Using con.close() + gc.collect() and just jeepney
Note: removing the gc.collect() will make freeze the system around 2000 iterations.
import gc
from jeepney import DBusAddress, new_method_call
from jeepney.io.blocking import open_dbus_connection
from jeepney.wrappers import unwrap_msg
addr = DBusAddress(
object_path="/org/gnome/SessionManager",
bus_name="org.gnome.SessionManager",
interface="org.gnome.SessionManager",
)
def call(method, signature=None, body=None):
msg = new_method_call(
addr,
method=method,
signature=signature,
body=body,
)
reply = connection.send_and_get_reply(msg, timeout=1)
return unwrap_msg(reply)
for i in range(10_000):
connection = open_dbus_connection(bus="SESSION")
cookie = call(
method="Inhibit",
signature="susu", # "app_id", "toplevel_xid", "reason", "flags"
body=("wakepy", 42, "wakelock active", 8),
)[0]
inhibitors = call(
method="GetInhibitors",
)[0]
print(f"{i}, {cookie=}, inhibitors = {len(inhibitors)}")
call(
method="Uninhibit",
signature="u", # "cookie"
body=(cookie,),
)
inhibitors = call(
method="GetInhibitors",
)[0]
print(f" {i}, {cookie=}, inhibitors = {len(inhibitors)}")
connection.close()
gc.collect()
so why does:
from wakepy import keep
for i in range(10_000):
with keep.running() as m:
print(i)
~still after #282 cause mouse to be laggy/choppy and require a relogin, since what they both should do is (1) close connection (2) gc.collect()? Furthermore, since the first one works without issues (after the gc.collect()), I'm starting to suspect that it is not a problem in Gnome but somewhere in the python world.~
Just tested on the same system and also the "org.freedesktop.ScreenSaver" (keep.presenting mode) behaves exactly the same.
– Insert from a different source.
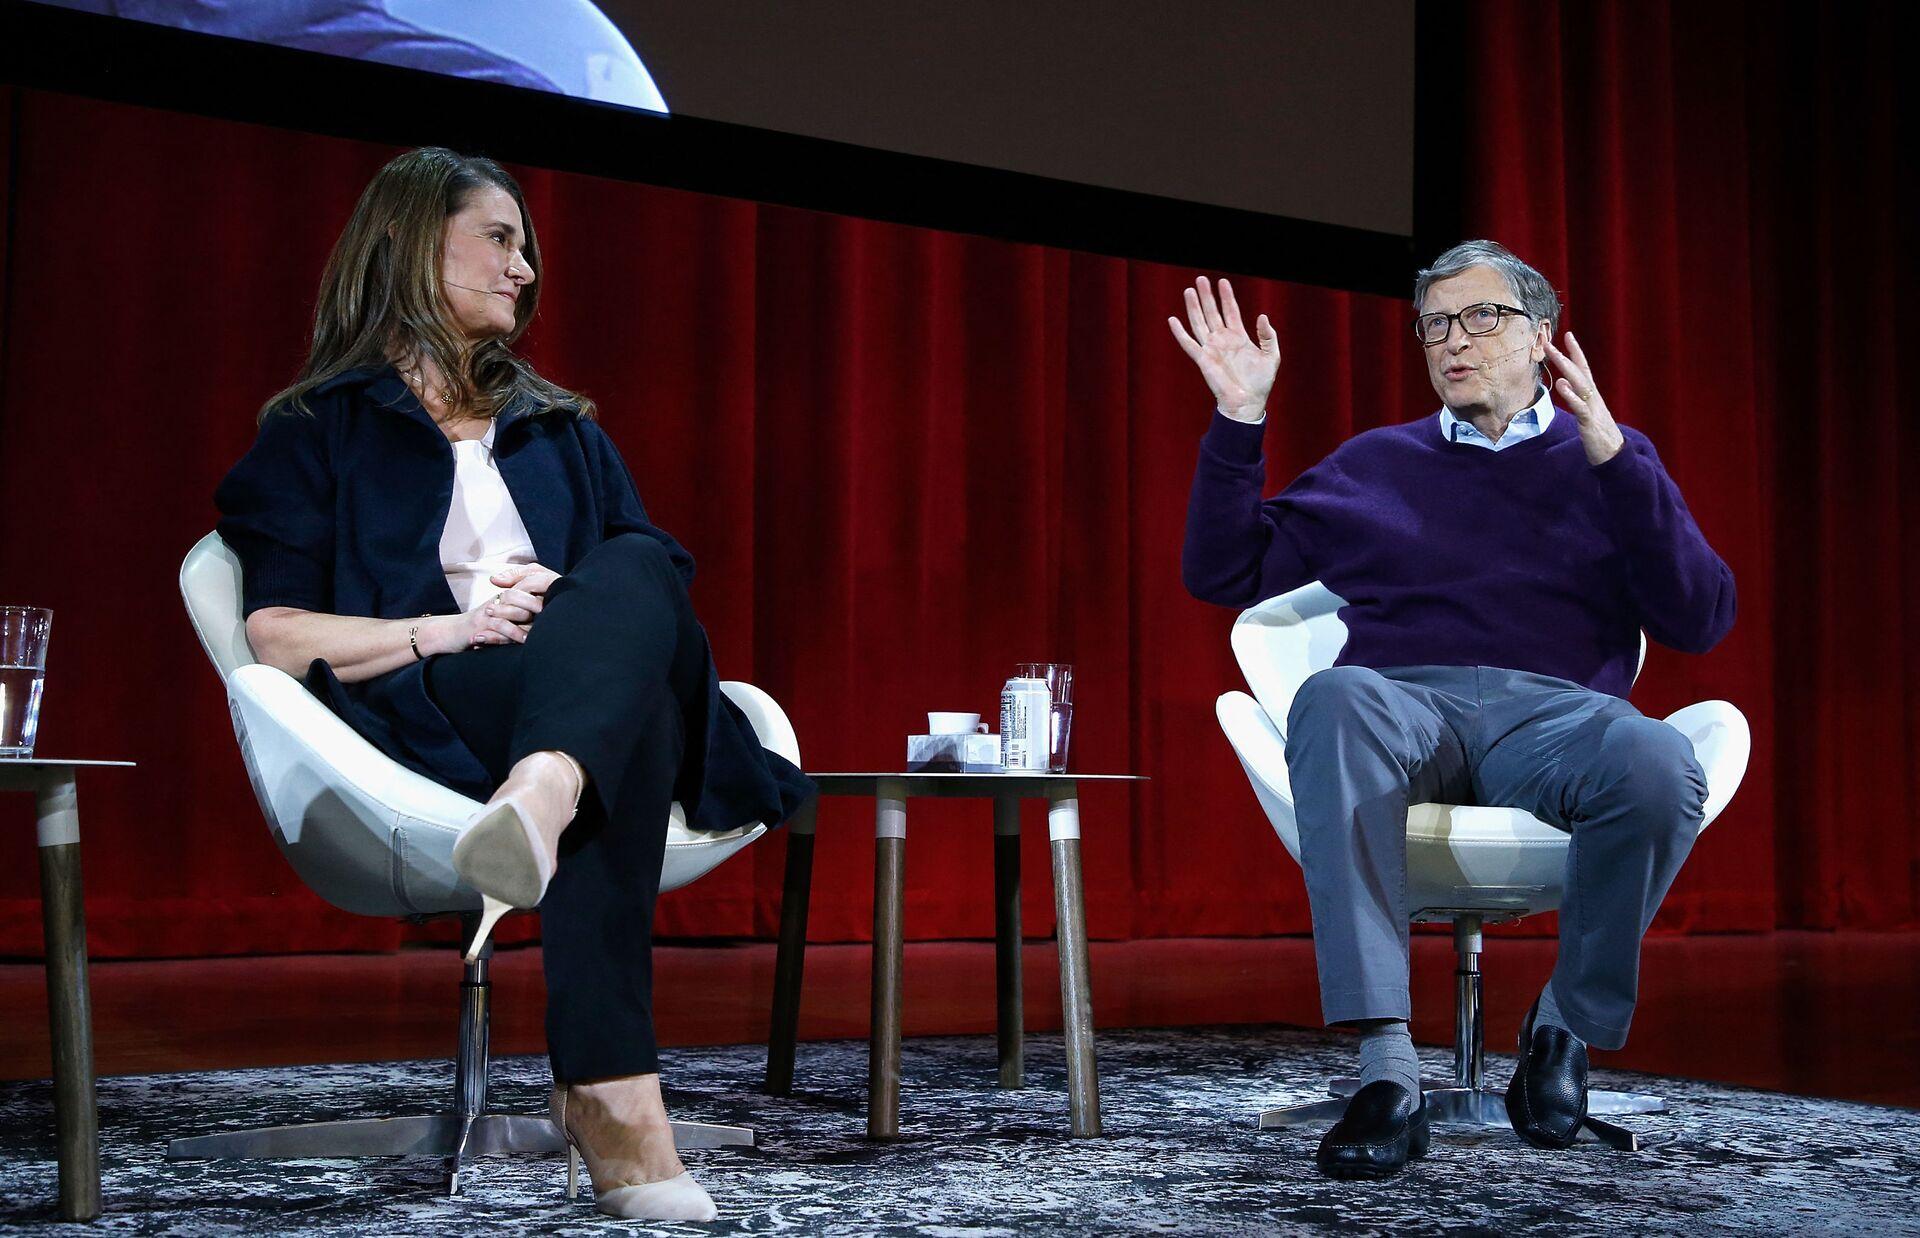 Bill e Melinda Gates partecipano ad una conferenza a New York - Sputnik Italia, 1920, 18.05.2021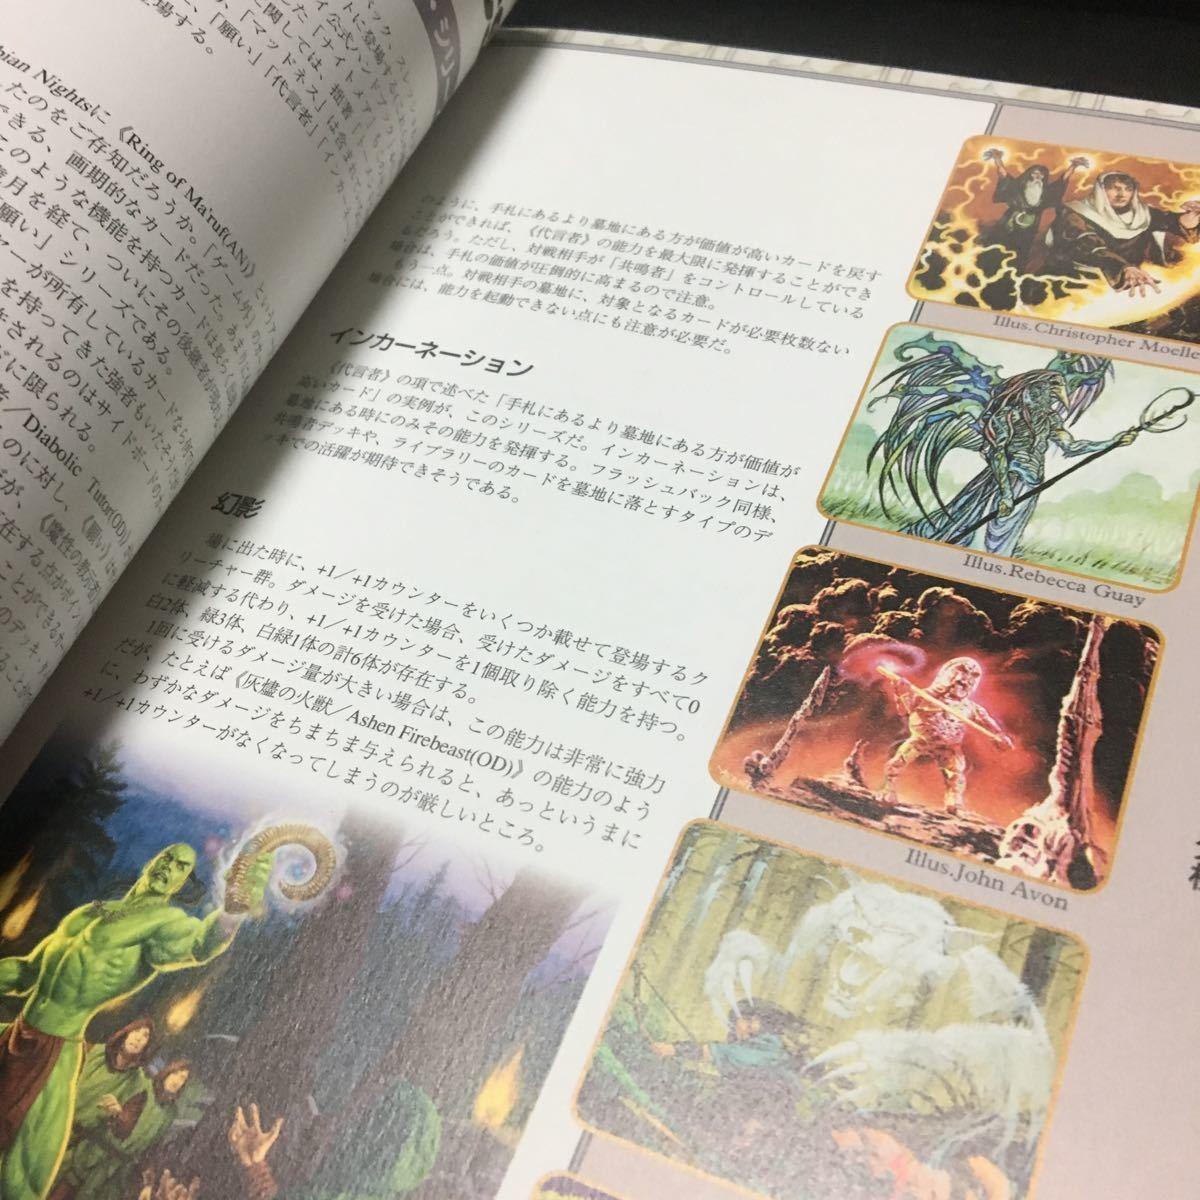 【JUDGEMENT 公式ハンドブック】MAGIC ジャッジメント オフィシャル ガイド 2002年 鶴田慶之 カードゲーム ホビー 【19/11 A-1】_画像3

It's likely that the org.freedesktop.ScreenSaver interface is registered by some Gnome process when running Gnome, so this is somewhat expected. While this is an annoying bug, I don't know if it's wakepy, jeepney, dbus, CPython or Gnome (or something else) where the fix could and should be made. It's also been there already in wakepy 0.7.x (using org.freedesktop.ScreenSaver), so I think it's okay to proceed with releasing 0.8.0 with this. Luckily it's relatively uncommon to inhibit sleep hundreds or thousands times. I hope to gather more understanding on this and fix it or find an alternative way for inhibiting sleep on Gnome.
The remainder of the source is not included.